ASSIGNMENT: Copy exactly, and only, the lines from the one with "Magneetsluiting zilver 18mm" to the end of the listing; omit pictures.

DATA:
▬▬▬▬▬▬
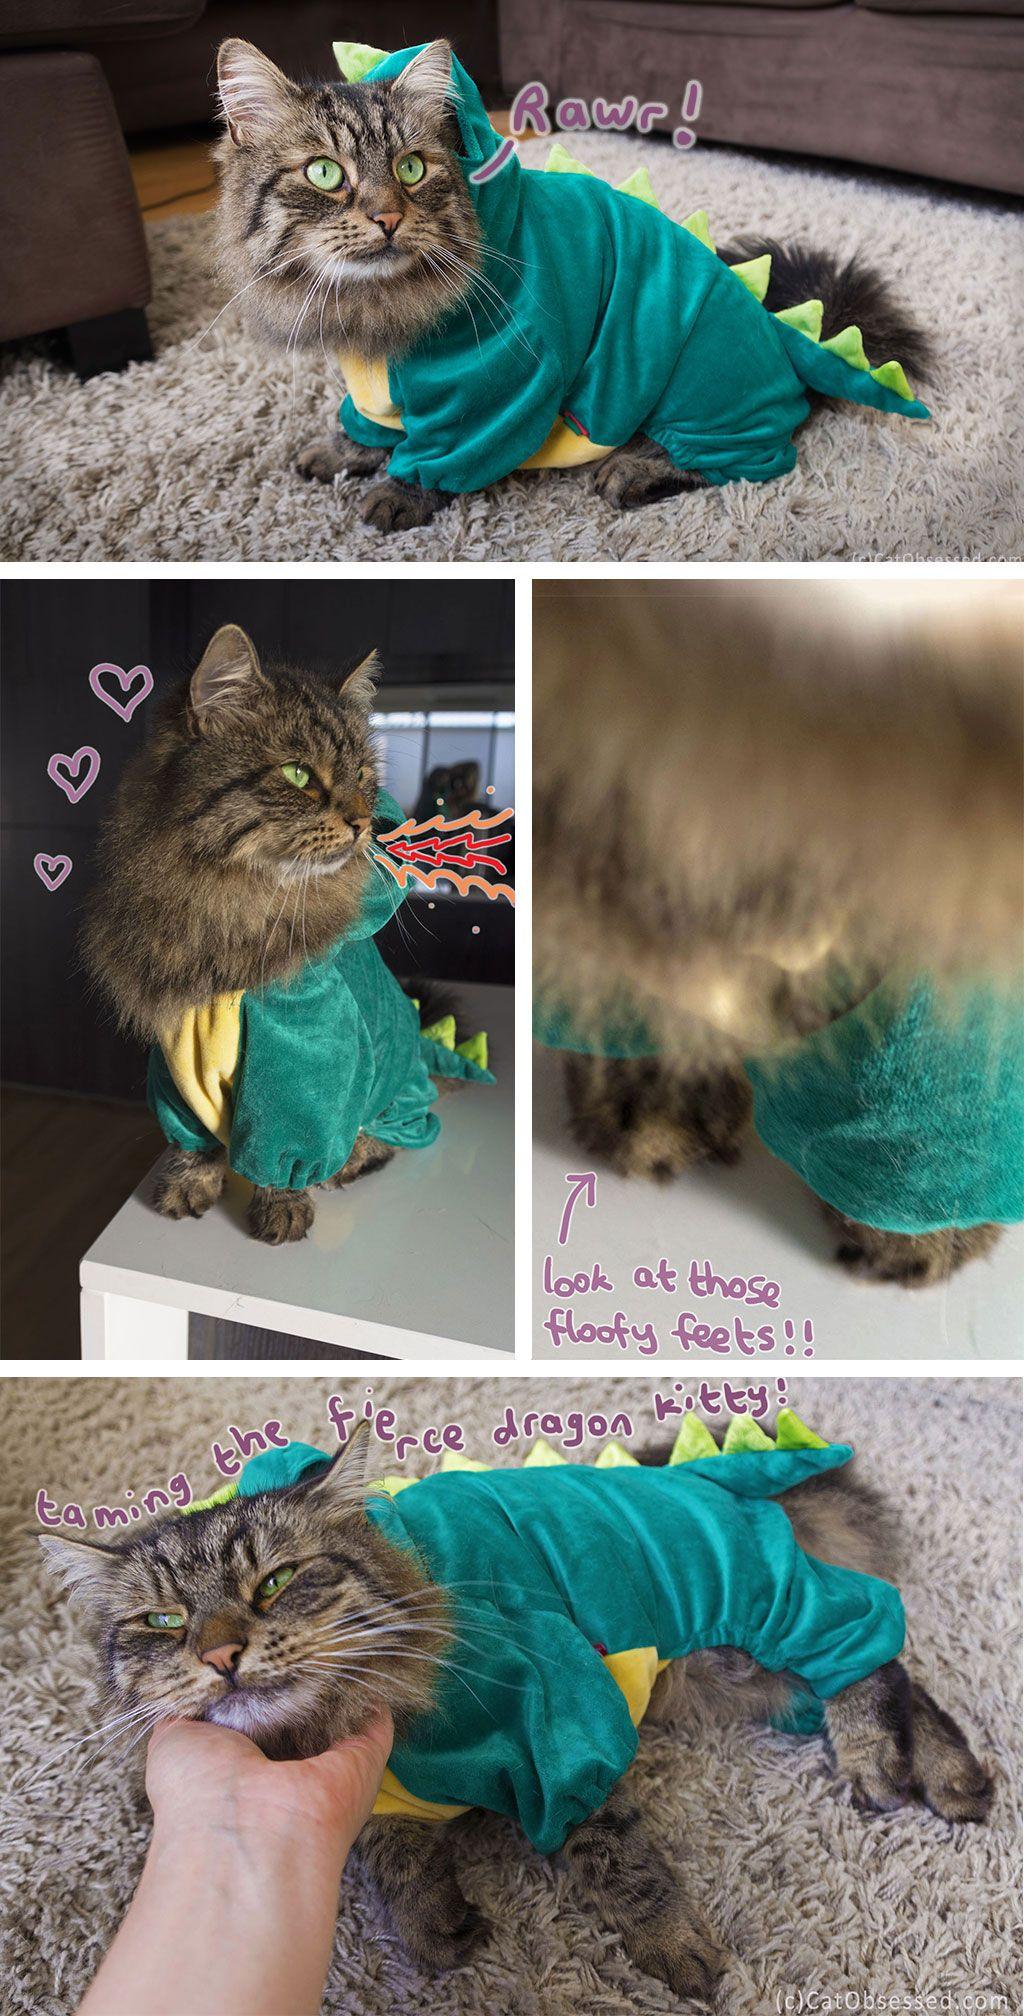 My kitty in a dragon/dinosaur costume!
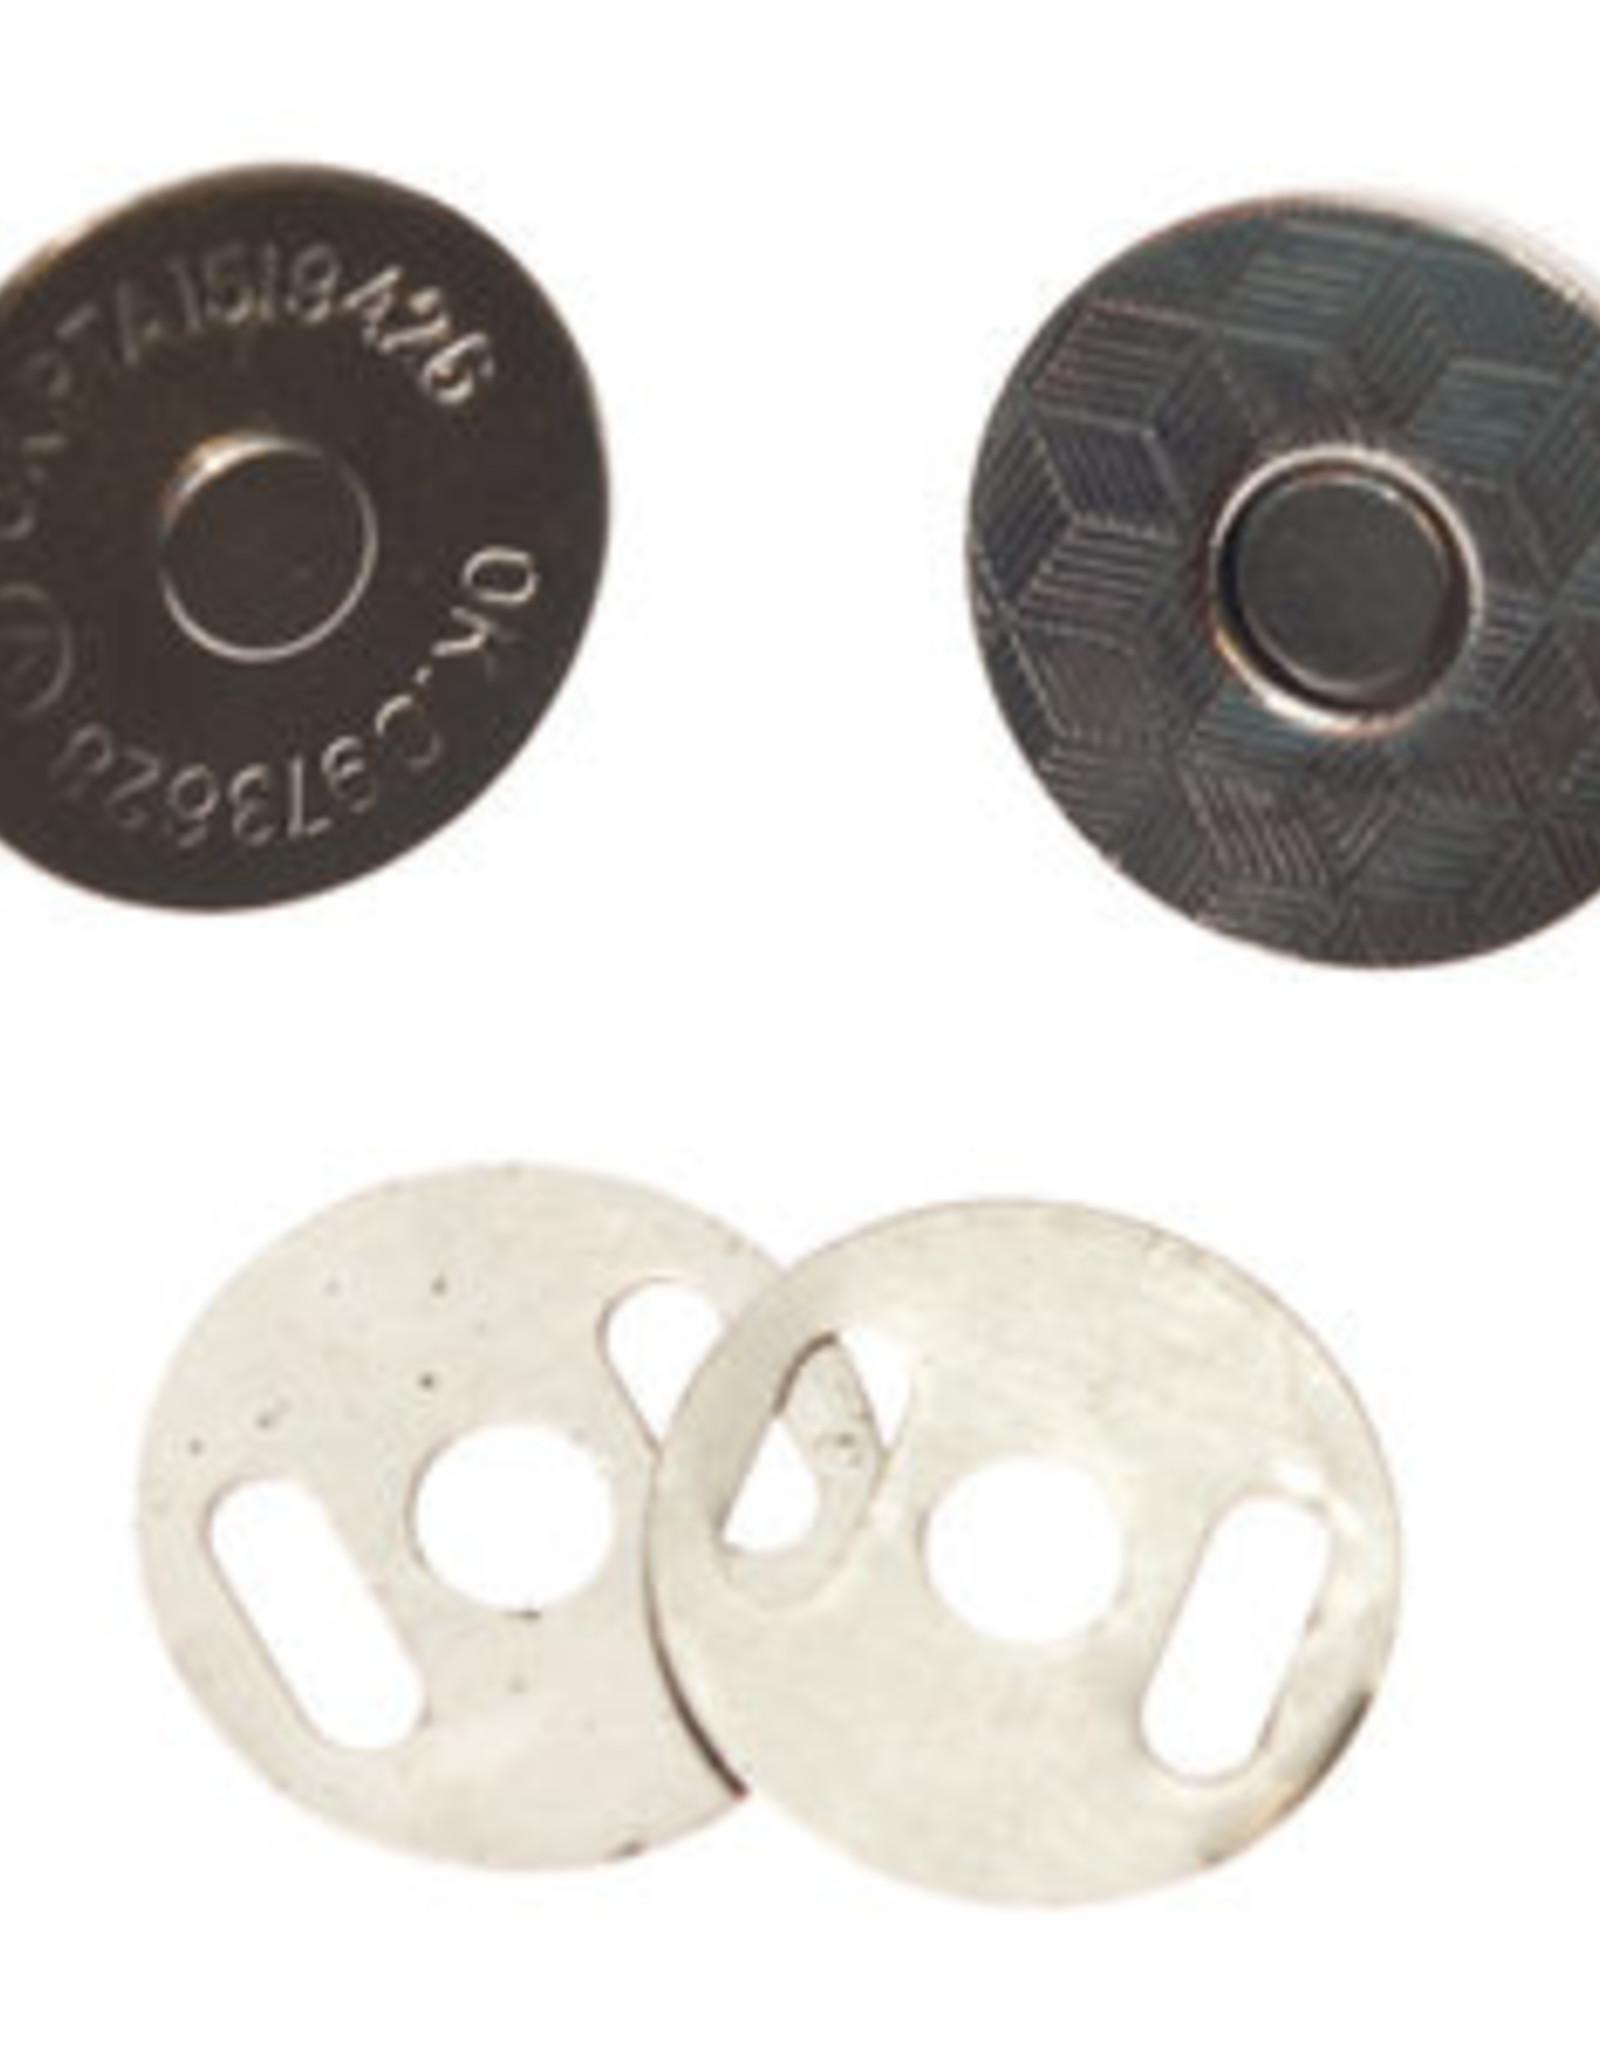 Magneetsluiting zilver 18mm extra plat en extra stevig
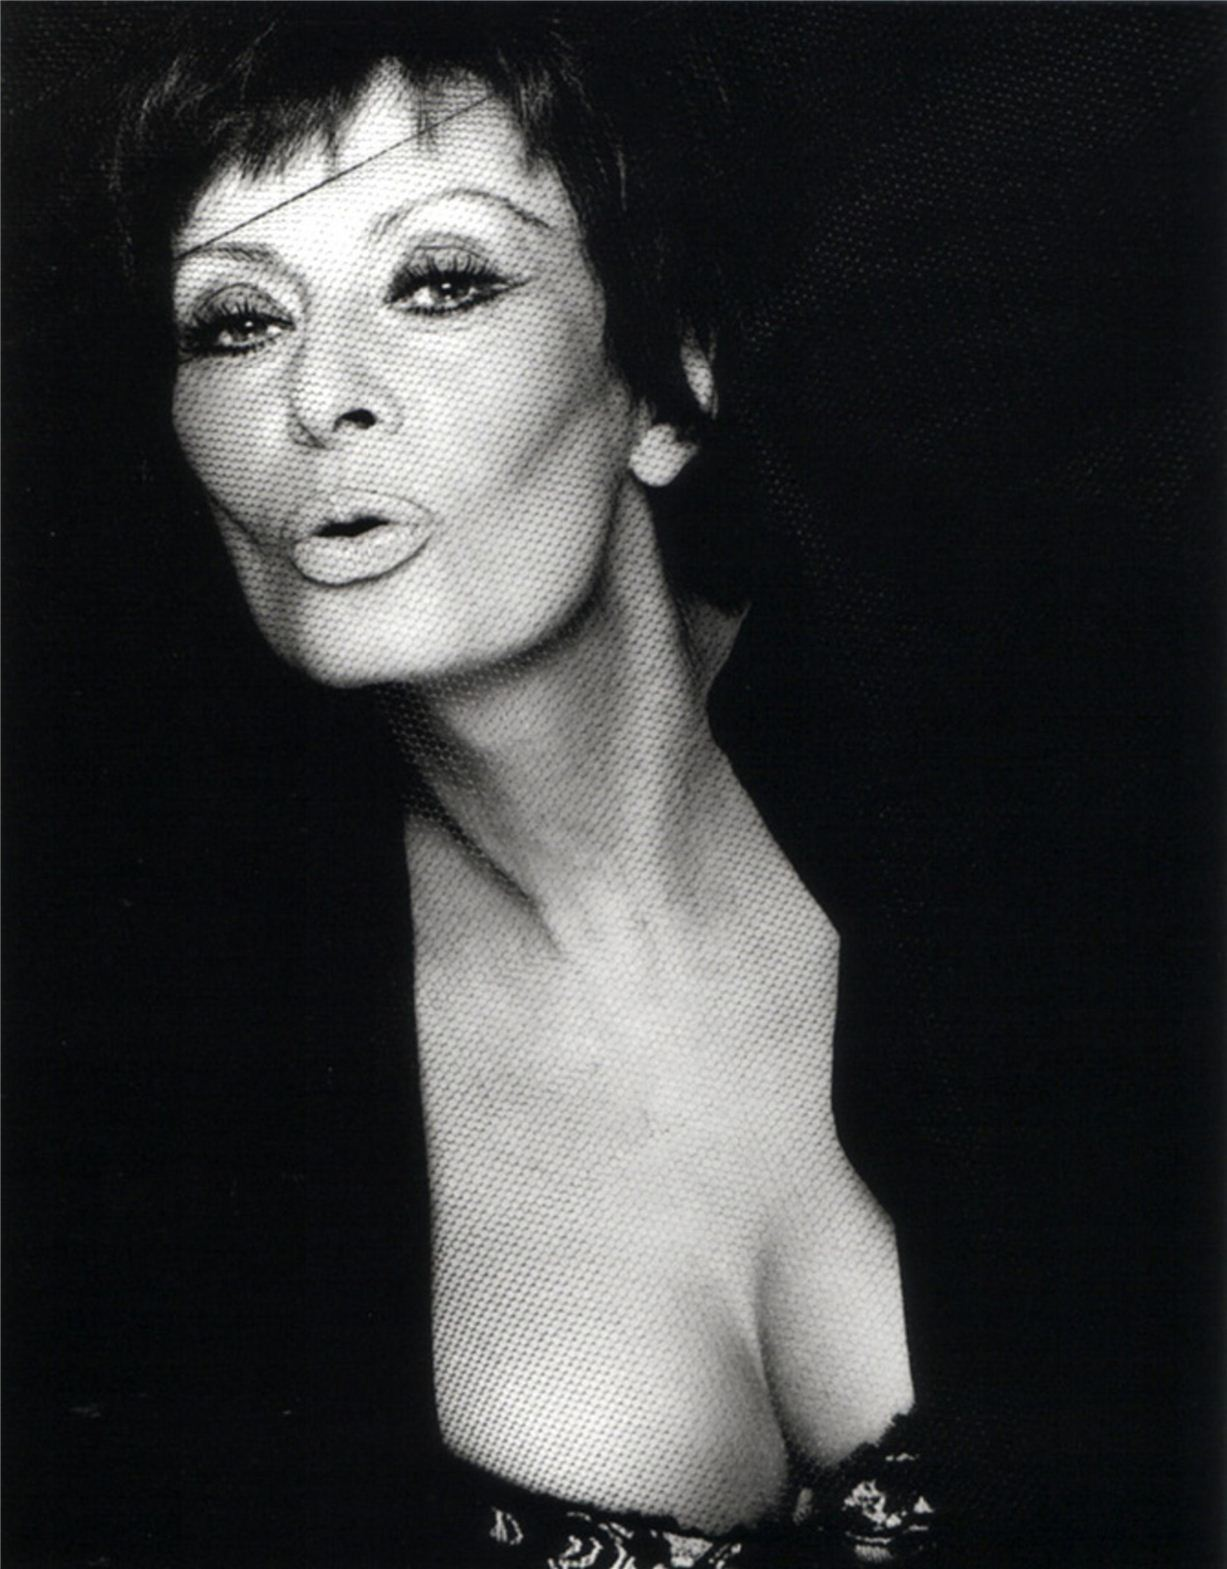 Sophia Loren / Софи Лорен - портрет фотографа Грега Гормана / Greg Gorman
▬▬▬▬▬▬
RESULT OF THE TASK:
 Magneetsluiting zilver 18mm extra plat en extra stevig
 Sophia Loren / Софи Лорен - портрет фотографа Грега Гормана / Greg Gorman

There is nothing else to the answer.